“The thing that shocked me most about China was the speed at which things go. “China has undergone such a huge transformation in just 10 years. I’ve no doubt that this century—similar to how the twentieth century was the US century—will be the Chinese century.”
When Jesse Darja first visited Beijing as a teenager in the early 1990s, people were still going around town on bicycles. Later, as a budding engineer in the early 2000s, he saw just how much the country had changed—skyscrapers had gone up, roads were bustling, Beijing and Shanghai shone with big industry and neon lights.
Jesse, a native Indonesian, worked for over a decade in manufacturing across Asia while China remolded itself into the factory of the world. He chose the CKGSB MBA to explore how his country, too, might follow in China’s footsteps.
More than that, Jesse wanted to change career track and make an impact. After his MBA at CKGSB, he returned to Indonesia—this time as an entrepreneur.
Jesse grew up in Jakarta in the 1980s under President Suharto’s ‘New Order’—a 31-year rule, which while controversial, also saw significant economic growth.
In 1997, the Asian financial crisis hit Indonesia hard. There was huge upheaval, and Suharto was forced to resign.
In part because of the situation at home, Jesse went to the US to study engineering at Cornell University. He graduated in 2000 and planned to continue his studies the next year. But, after 9/11, visa issues made it difficult to stay.
Again, Jesse was on the move—this time to Tokyo, where he completed a PhD in electrical engineering before working across Asia, in Japan and Singapore, designing product components for tech firms like Apple and IBM.
Japan was a high-tech engineering hub. Pre-iPhone, Japanese firms like Sony were leading the way. But, around the same time, Jesse’s attention was drawn to another big player in the East, enjoying its own technological revolution.
Lessons from China
In 2012, Jesse arrived in China for his MBA at CKGSB, knowing he’d return home to Indonesia after graduation. Since the late 1990s, the country had stabilized and was starting to follow China’s lead, transitioning into a center for manufacturing.
“I’d seen how China had developed. I wanted to get closer to China, learn some business in the process, and get some clues about how Indonesia might develop over the next decade or so,” Jesse explains.
“Another reason I chose CKGSB was because of its focus on entrepreneurship,” he continues. “I knew that working for multinational companies was not really my thing. In the back of my mind, I had the idea of starting my own business.”
At CKGSB, Jesse picked up the tools which would help him make an impact back home.
Then, quite unexpectedly, his career started sounding a different tune when, after his MBA, he teamed up with Henry, an old family friend.
Henry was building his own guitar effects pedals as a hobby and selling them on eBay. They were popular; people from all over the world were buying his products.
Jesse had very little knowledge of the market. He played the violin—“I wish I played the guitar; it’s a much cooler instrument!” he laughs. But, with his MBA behind him, he saw the potential.

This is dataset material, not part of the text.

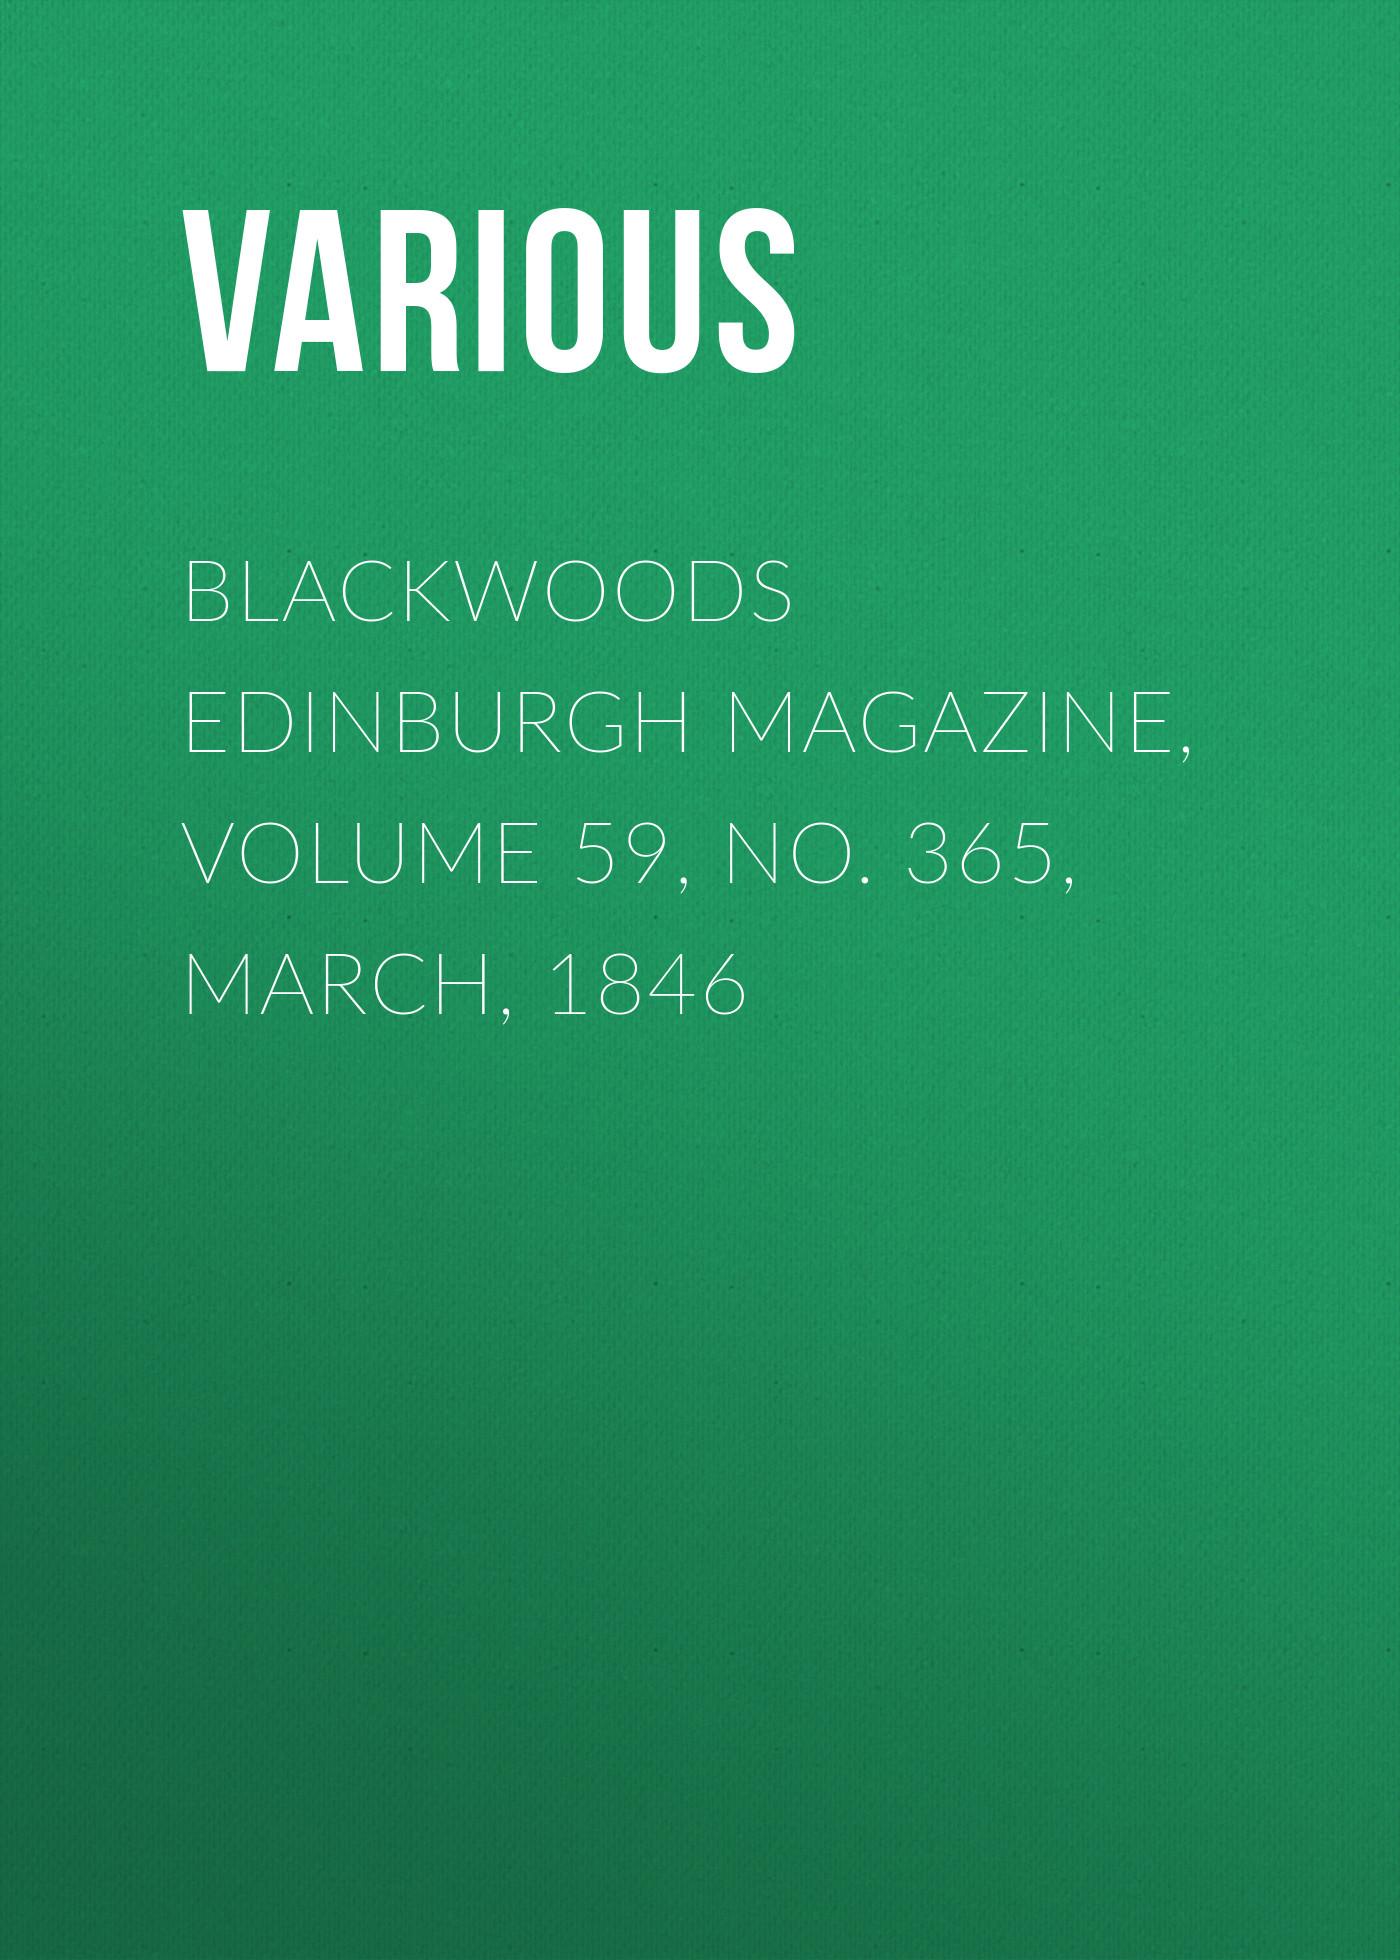 Various Blackwoods Edinburgh Magazine, Volume 59, No. 365, March, 1846 rachael ray 365 no repeats

“I thought this could be a business opportunity,” Jesse recalls. “I set up the business operations-side and, in the beginning, we sold about 30 units a month. Now, we sell at least 300.”
In just three years, Jesse helped transform an eBay seller profile into GFI Systems, a boutique guitar pedal company with five employees, five products, and global customers including Andertons Music Co., a big music store in the UK.
“What I learned from my MBA experience helped me jump-start the company,” he says. “I wouldn’t have been able to grow the company as fast as I did without it.”
“A few of my classmates introduced me to suppliers as well,” he continues. “At CKGSB, I learned about the dos and don’ts of business in China. When I went to visit companies in smaller, third-tier cities, I knew what to expect.”
Now, Jesse is living back in Jakarta as planned, developing his business from the home he grew up in. He’s competing in a crowded market, so finding an edge is essential.
His aim is to turn GFI Systems into a go-to company for musicians around the world, and help put Indonesia on the map.
“The challenge now is to scale up,” he says. “The manufacturing infrastructure in Indonesia is not as developed as it is in China. We have to import a lot of components, and importing to Indonesia is not easy—there are a lot of restrictions.”
Jesse teaches part-time at Jakarta’s Prasetiya Mulya Business School—the first to offer an MBA degree in Indonesia—alongside running his own business. In the future, Jesse wishes to promote knowledge-based exchanges between Indonesia and China in areas where both countries can mutually benefit each other.
Jesse is happy where he is right now. But he knows that to really grow his business, he’ll probably have to set up operations in China, where most of his product components come from. With an MBA from
CKGSB on board, he has the China knowledge to do just that.